Bird of a feather, or wearer of leather? (Jan. 29)
Sunday, January 31, 2010By Chuck Doud
The Madera Tribune
I’ve been reading about the new dinosaur found in China that may have had orange and yellow feathers. The scientists who say this was the dinosaur’s color actually haven’t seen any feathers on the Sinosauropteryx, which was found in China. Rather, they have stared at it through an electron microscope, and say they see signs of the colors.
This dinosaur was about three feet long, and if it did, indeed, have feathers, it would have looked like a big long-tailed duck with sharp teeth.
I’m glad those dinosaurs don’t exist any more. Our cat likes to stalk the blue jay that lives in our back yard, and I would imagine she would get a kick out of stalking an even bigger bird.
Momentarily, that is, until the bird had the cat for lunch.

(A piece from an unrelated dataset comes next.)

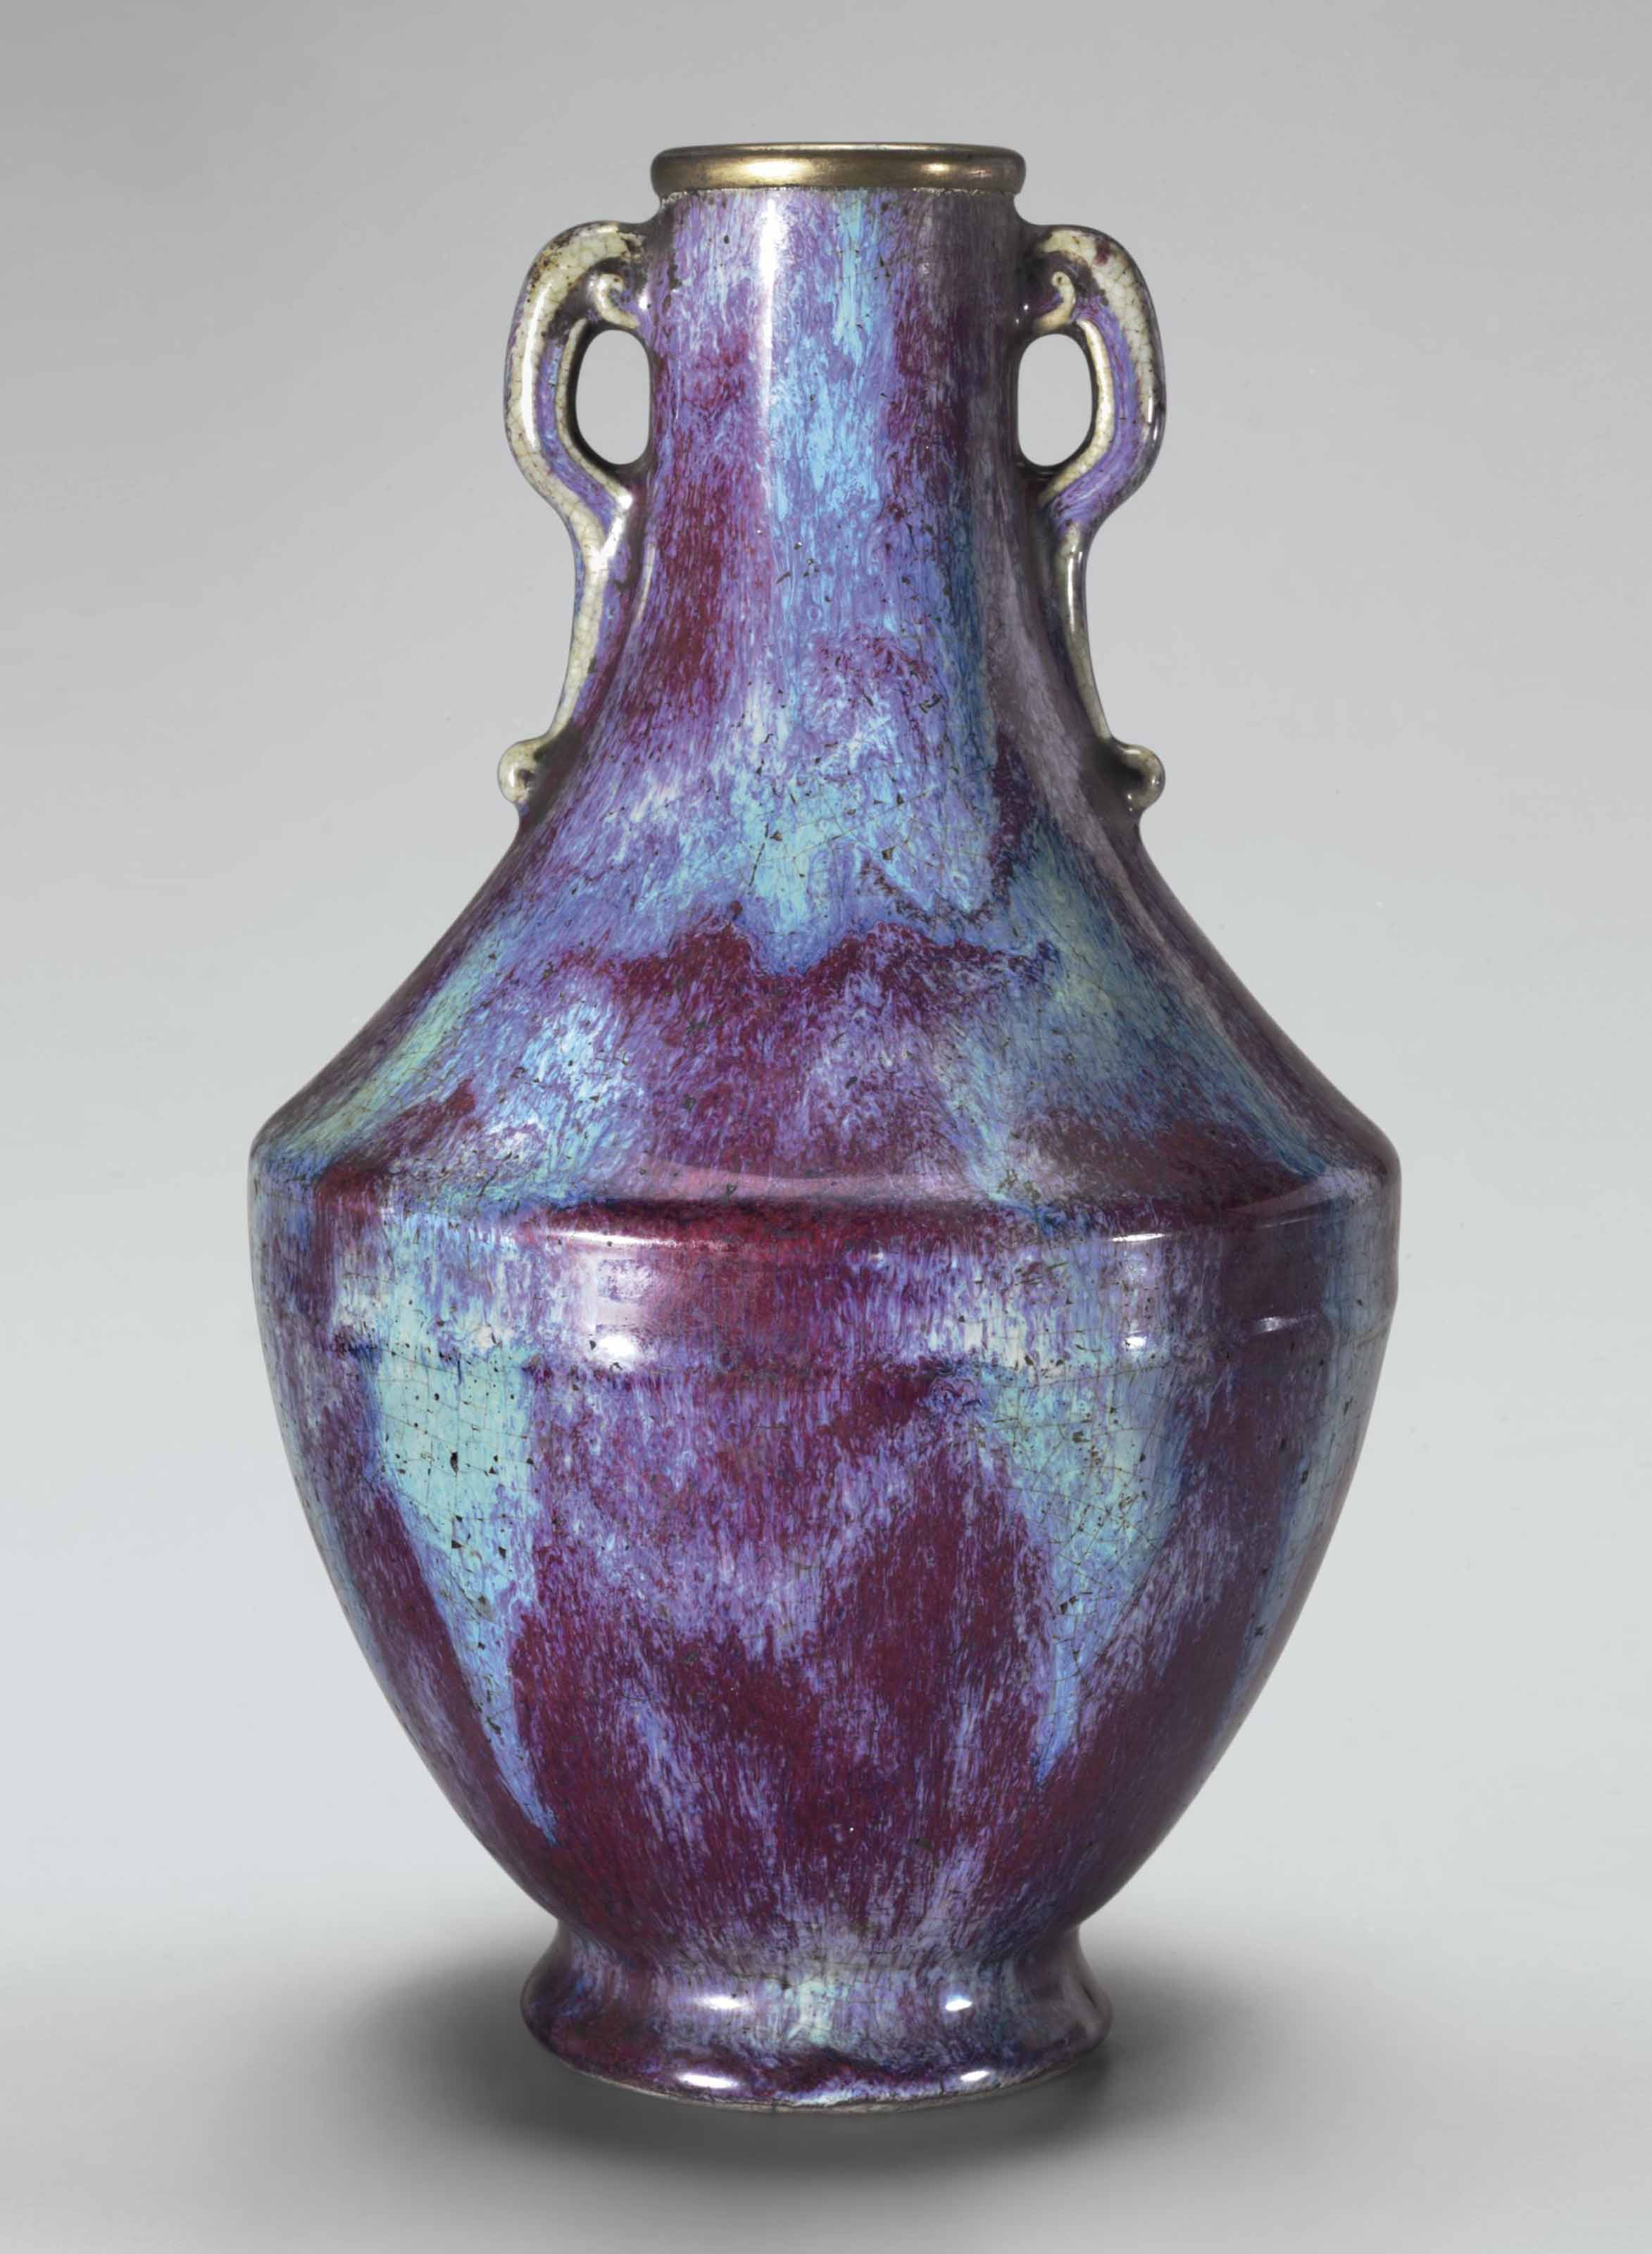 Incised vase Vase with incised sides.

When our cat stalks the blue jay, she hunkers down and tries to sneak around behind the bird, moving among bushes in the flower beds so the bird can’t see her. Or at least that is what she thinks. The bird has its eye on the cat at all times, but appears to be looking somewhere else. Birds have eyes in the sides of their heads, and only have to turn their heads a little bit to see big, overfed black-and-white cats lumbering up behind them like cement trucks.

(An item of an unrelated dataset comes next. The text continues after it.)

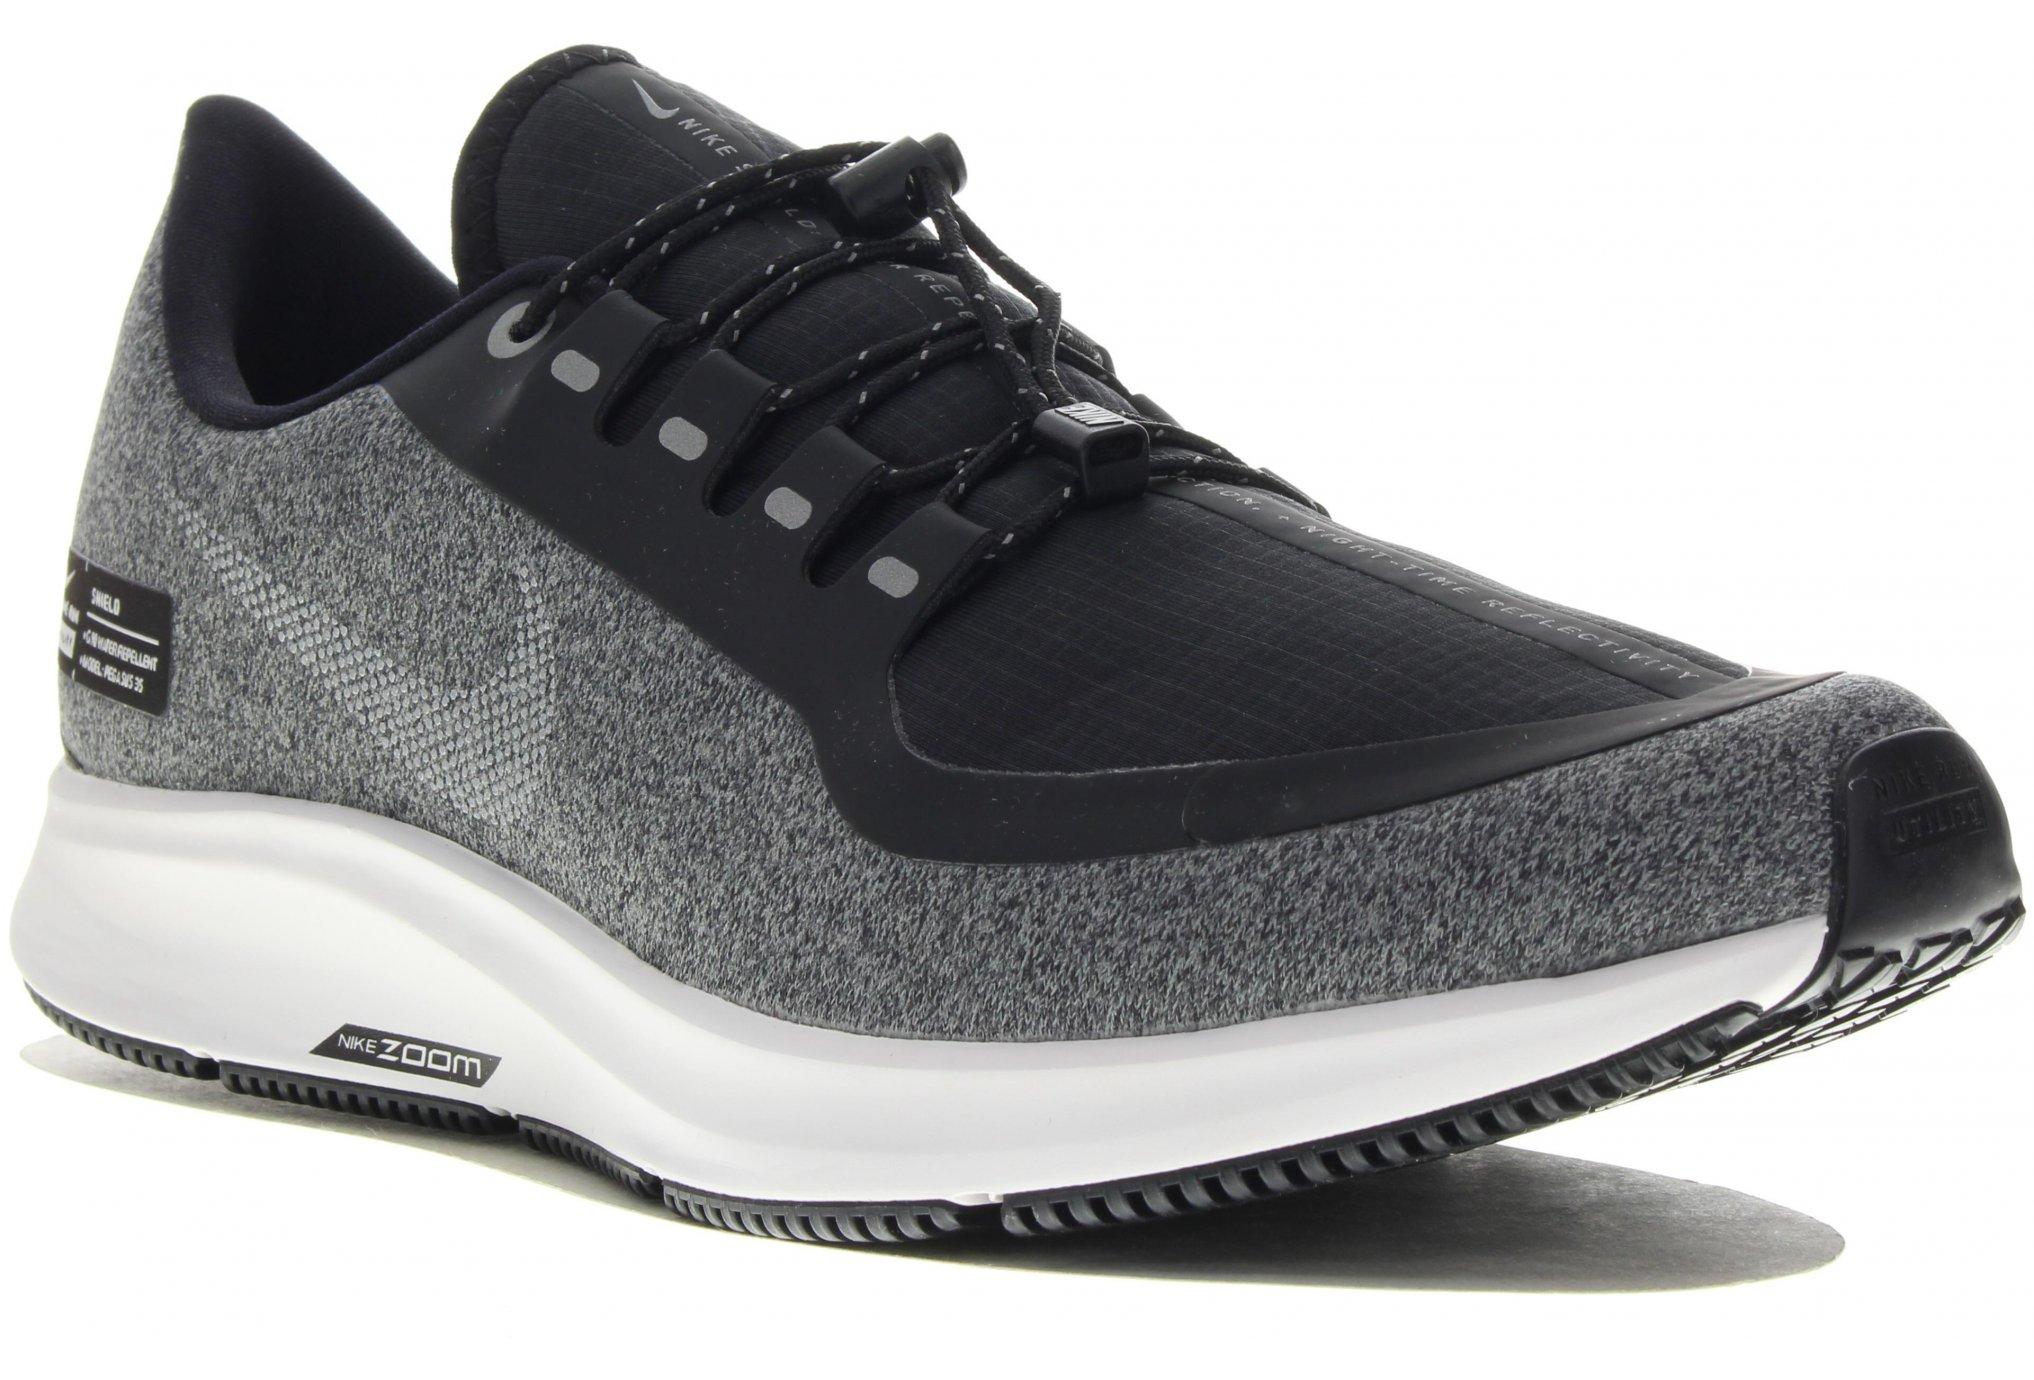 quality design 54296 c6d10 Nike Air Zoom Pegasus 35 Shield M Chaussures homme

Just as the cat springs, the bird flits away — laughing, I would imagine. The dinosaur would not laugh, though. It would be burping, having just had a nice cat hors d’ouerve.
Not all scientists agree that the 125 million-year-old Sinosauropteryx had feathers. The feather idea has taken hold over the past few years, but a lot of scientists still think the dinos wore leather, sort of like gangsters, and don’t resemble birds in any way.
I wonder if scientists of the future will think cats had feathers. If cats did have feathers, it would make it easier for them to sneak up on birds, don’t you think?